Baffled by bad blood
EUGENE, Ore. – Oregon quarterback Dennis Dixon, who has never played at Husky Stadium or been to Seattle, shakes his head when asked about the Oregon-Washington rivalry.
“I don’t get all this rivalry stuff,” Dixon said. “Every game is a rivalry in itself.”
When Oregon and Washington meet Saturday for the 100th time, the seventh-ranked Ducks will be making their first trip to Seattle since 2003. Current Oregon players haven’t experienced the inhospitable reception that goes along with such a rivalry.
With many players such as Dixon (California) having come from other states, there is hardly a sense of bad blood.

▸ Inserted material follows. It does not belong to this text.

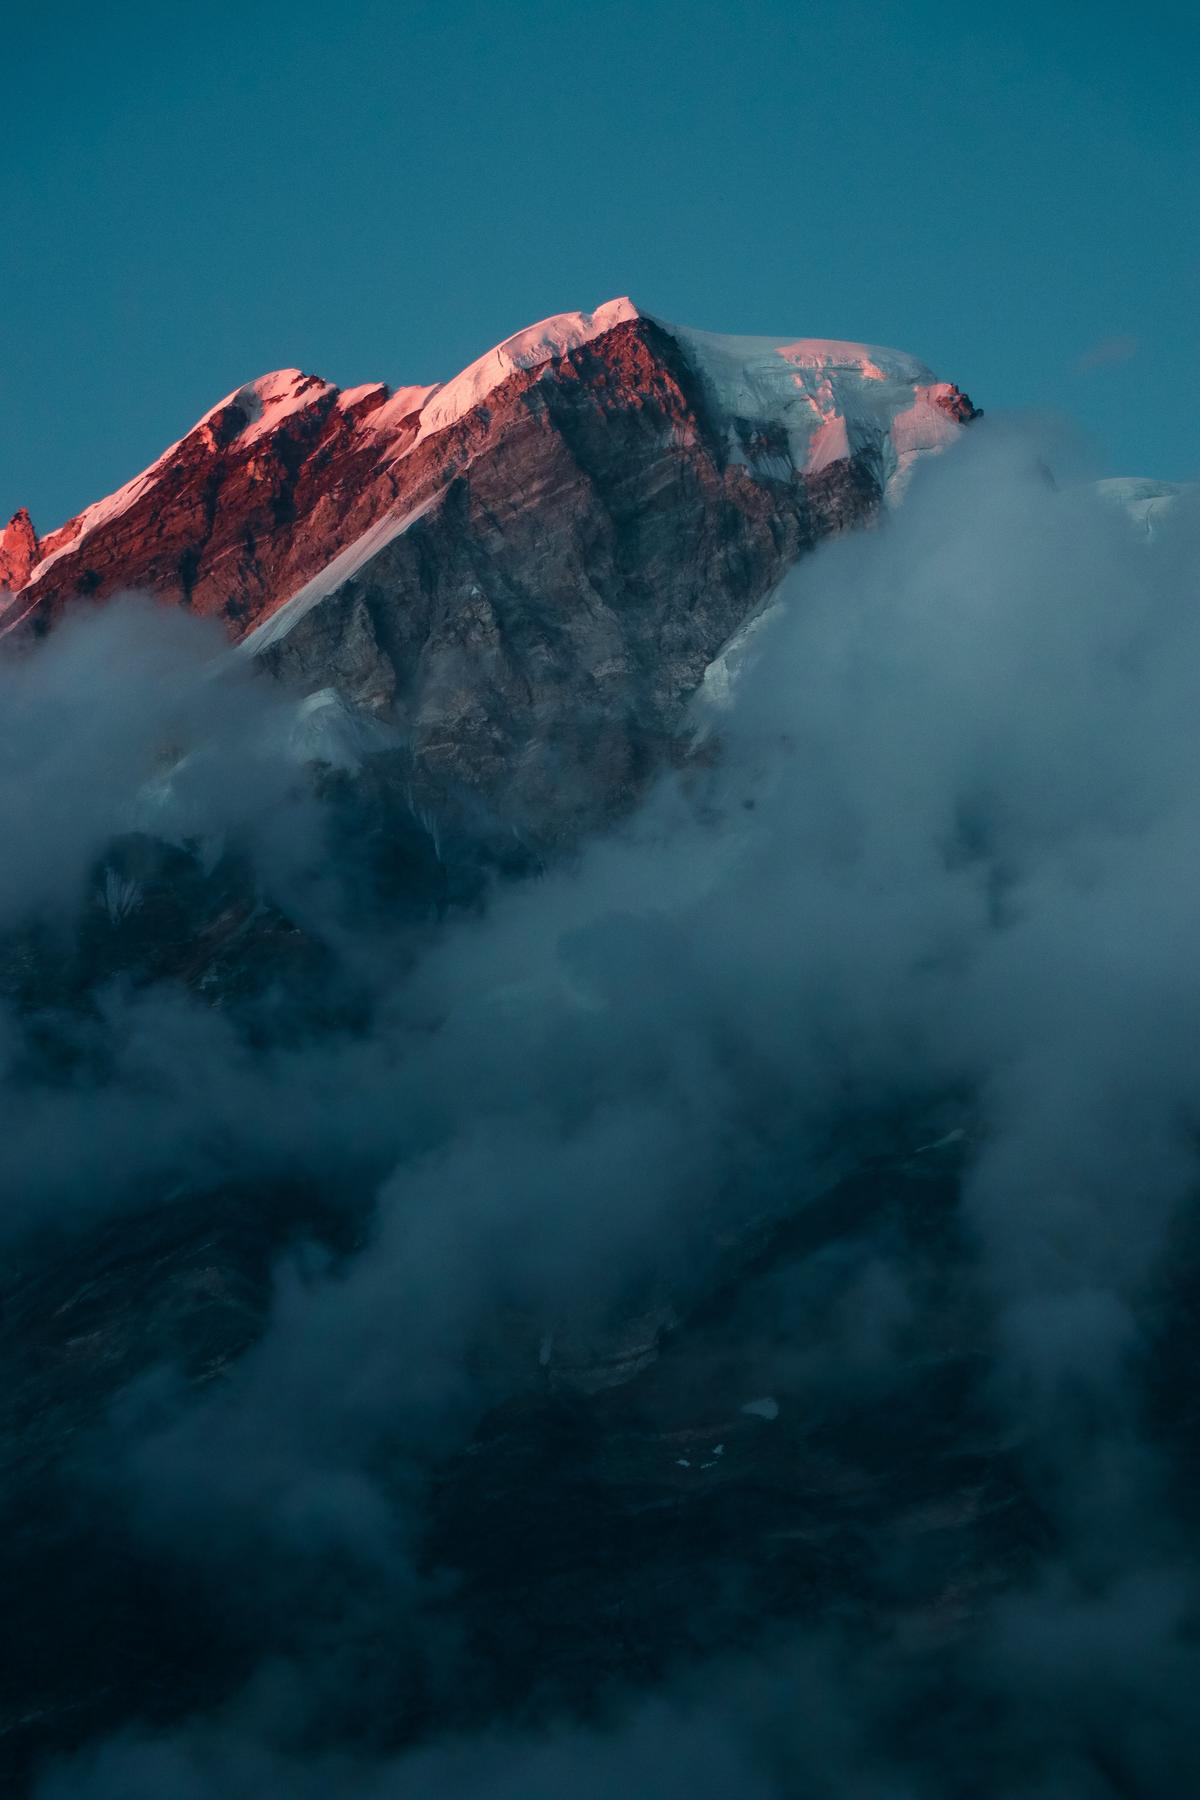 Himalayan mountain appearing with a red tone with blue sky in the background and white clouds in the foreground

“I was just told we were supposed to beat them,” said receiver Drew Davis, a freshman from Denver.
Oregon has its Civil War with Oregon State, Washington its Apple Cup rivalry with Washington State. Those intrastate matchups obviously are big. They tend to alternate sites each year. Fans create an unmistakable hoopla, players hear stories of slights and nasty behavior, and coaches recognize the recruiting ramifications.
As for the Ducks and Huskies, the rivalry lives in the domain of the fans – until players experience the fanaticism for themselves.
“It was something I learned when I got here, I had no prior knowledge of it,” said Washington quarterback Jake Locker, who is from Ferndale, Wash., near the Canadian border.
Locker was at Autzen Stadium here last year when the Huskies lost 34-14 – the closest game the teams have played since the 2000 season.
“I think they knew a lot of us,” Locker said of the personal attention from Oregon fans. “They were calling a lot of us by name. It seems like they had read our bios in the program and knew a lot of stuff about us. It was a pretty hostile environment, to say the least.”
It was all – or mostly all – in good humor, but Locker did describe it as a “different feeling,” and he acknowledged that, to the Huskies, the Oregon rivalry is close in intensity to Washington State.
After all, 11 – or half – of the Huskies’ offensive and defensive starters are from Washington. The Ducks have two – defensive tackles David Faaeteete and Cole Linehan – from Oregon. So it stands to reason that the rivalry may be felt more by the Huskies in this one.
That’s OK with Ducks coach Mike Bellotti, who isn’t going to reach into his motivational bag of tricks to play the rivalry card this week.
“That adds a little spice to it, no question,” Bellotti said. “I think you always want your team focused and energized, and you have to make a determination as to the emotional arousal, how much is enough, how much is too much.”
There has been intrigue (did Oregon coaches turn in Rick Neuheisel for recruiting violations when he coached the Huskies?), zaniness (fans tackling a Ducks receiver in the field of play in 1962) and various other unsportsmanlike fan behavior.
If the current Ducks players haven’t heard all the stories or watched the replays, perhaps they will get a taste of the rivalry Saturday if fans at Husky Stadium are as inhospitable as Ducks fans were to Locker last year.